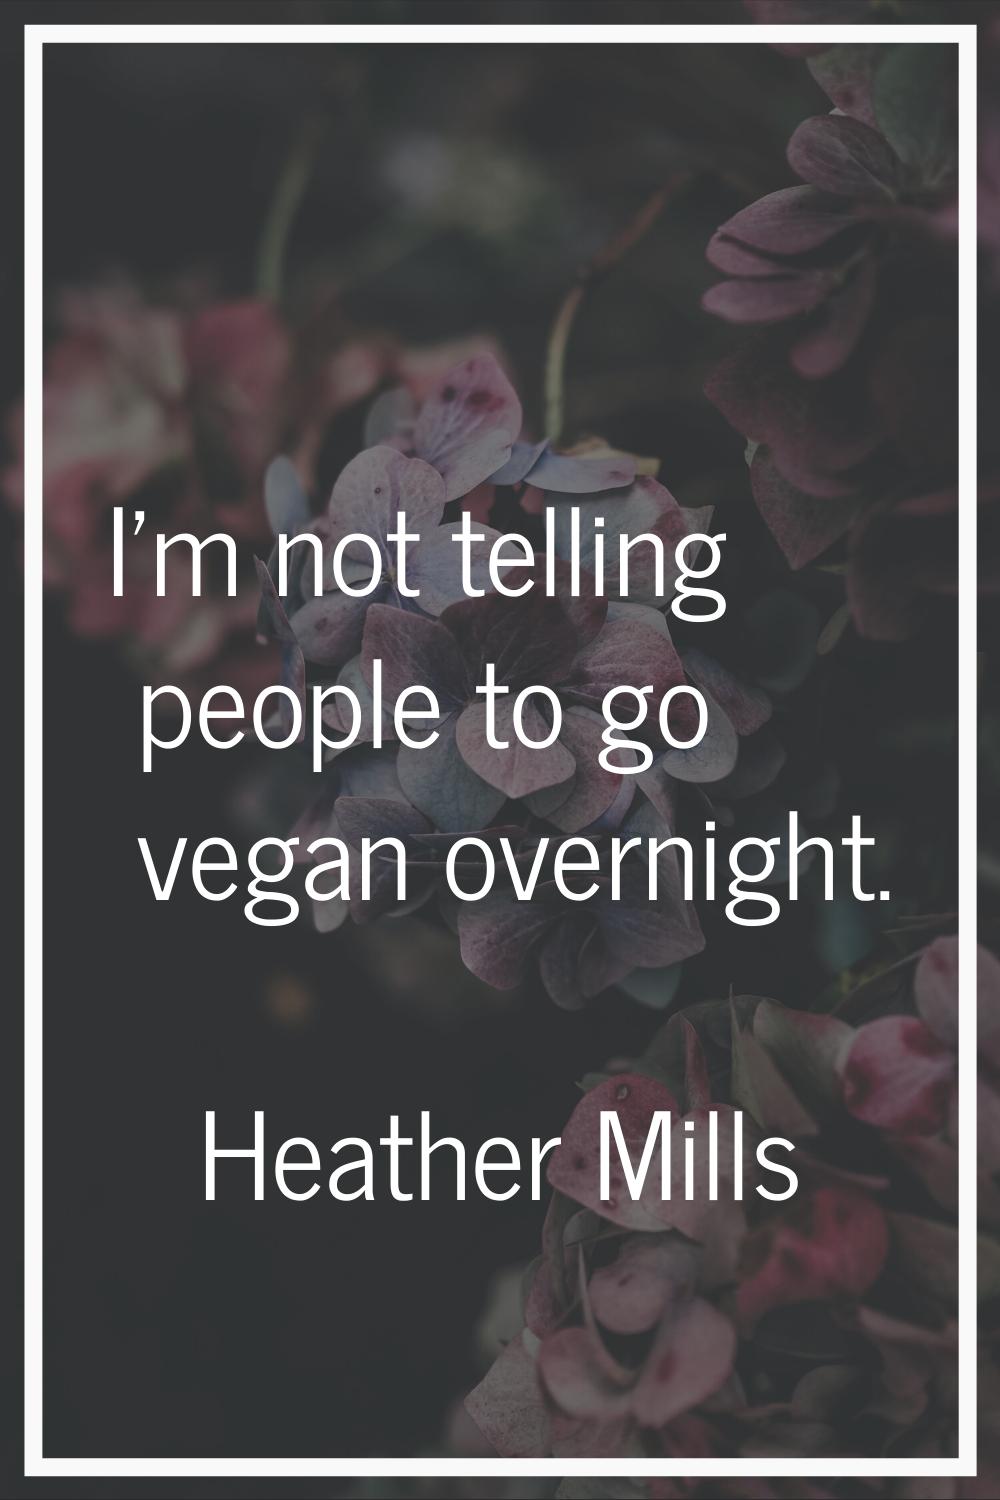 I'm not telling people to go vegan overnight.
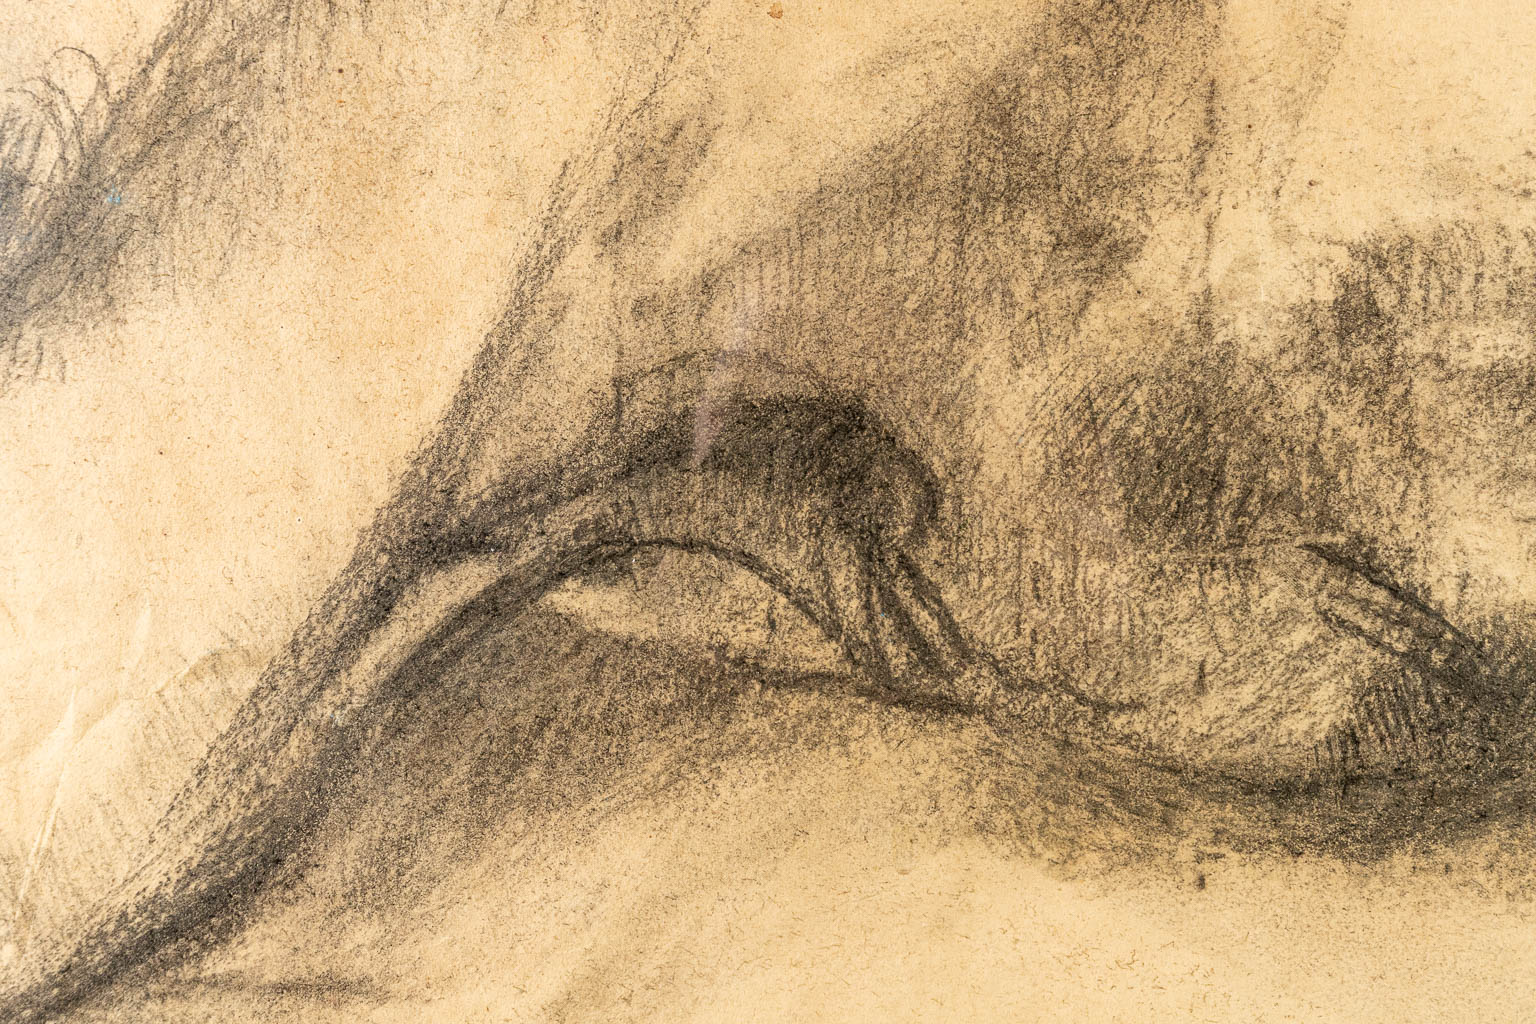 Rik DEVOLDER (XX) 'Naked figurine' a drawing, pencil on paper. (113 x 72 cm)
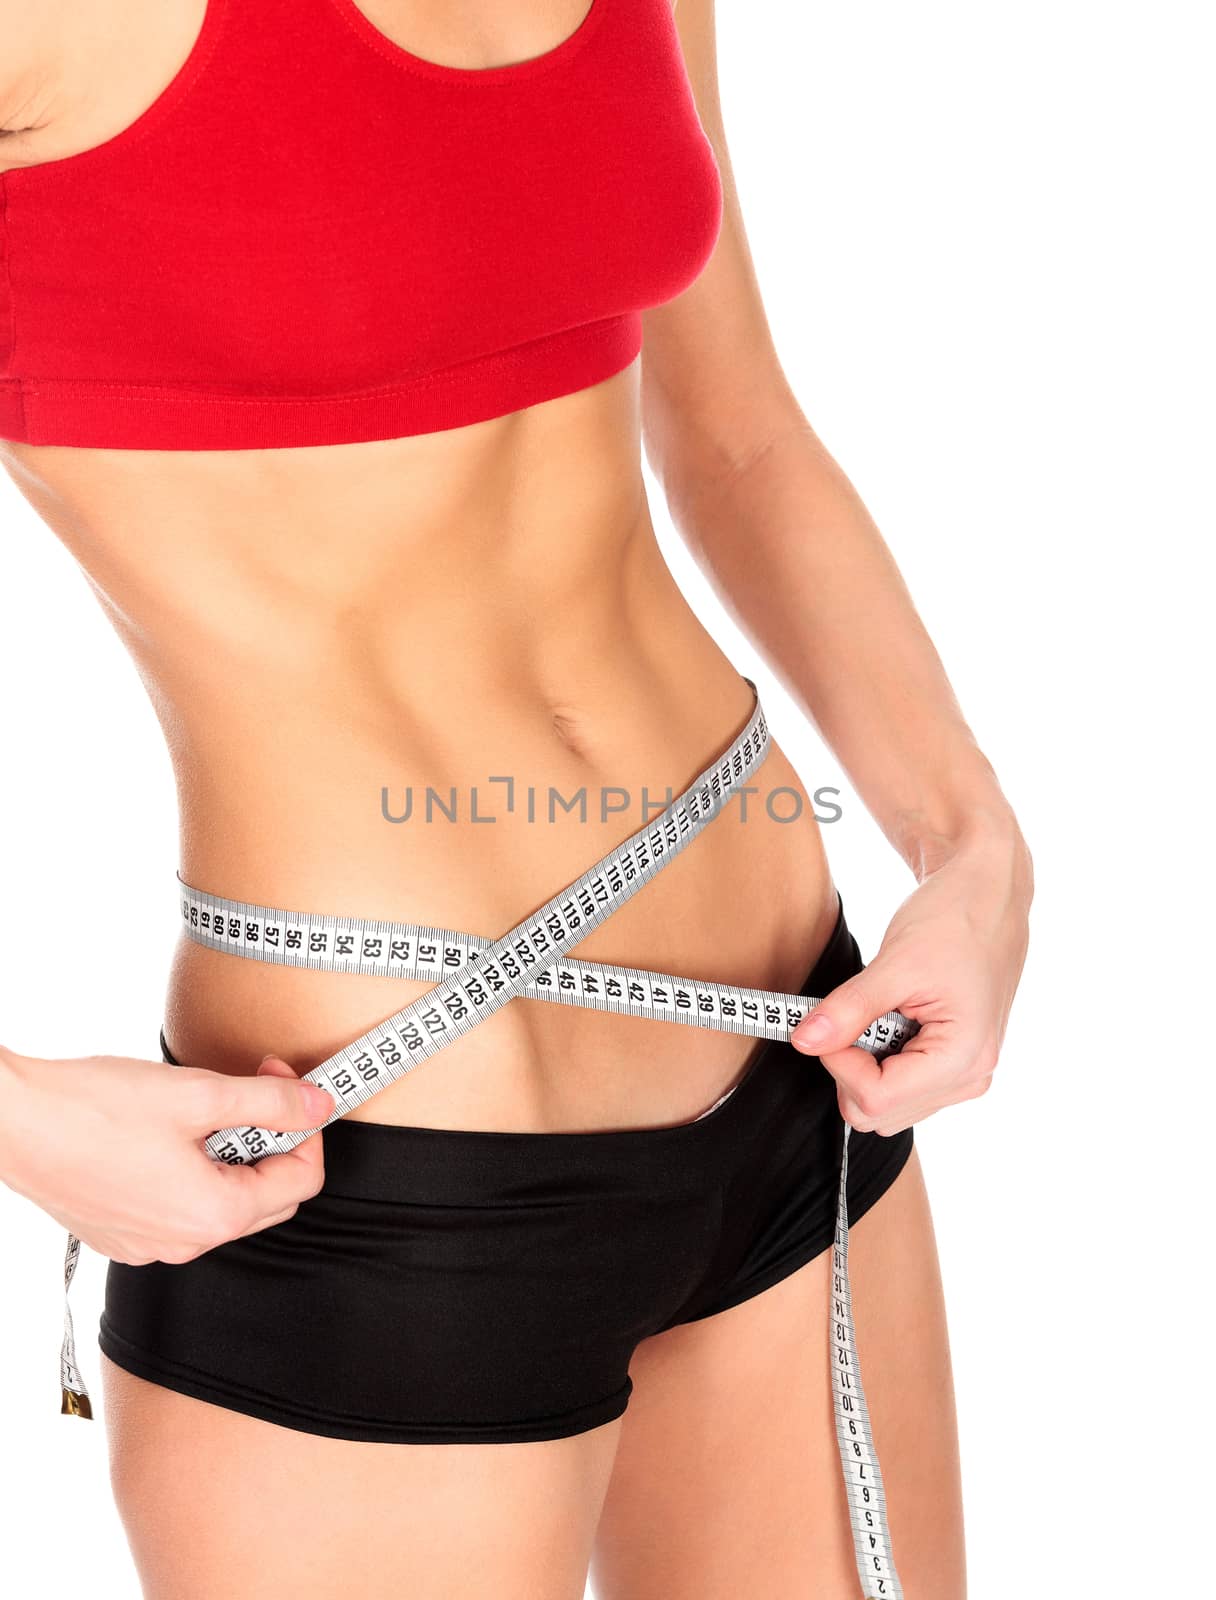 Slim woman measures her waistline by Nobilior

**ASSIGNED TASK**: Transcribe each line of the material above verbatim, but do not include the images.

**PROBLEM SOLUTION**:
 I'm not telling people to go vegan overnight.
 Rik DEVOLDER (XX) 'Naked figurine' a drawing, pencil on paper. (113 x 72 cm)
 Slim woman measures her waistline by Nobilior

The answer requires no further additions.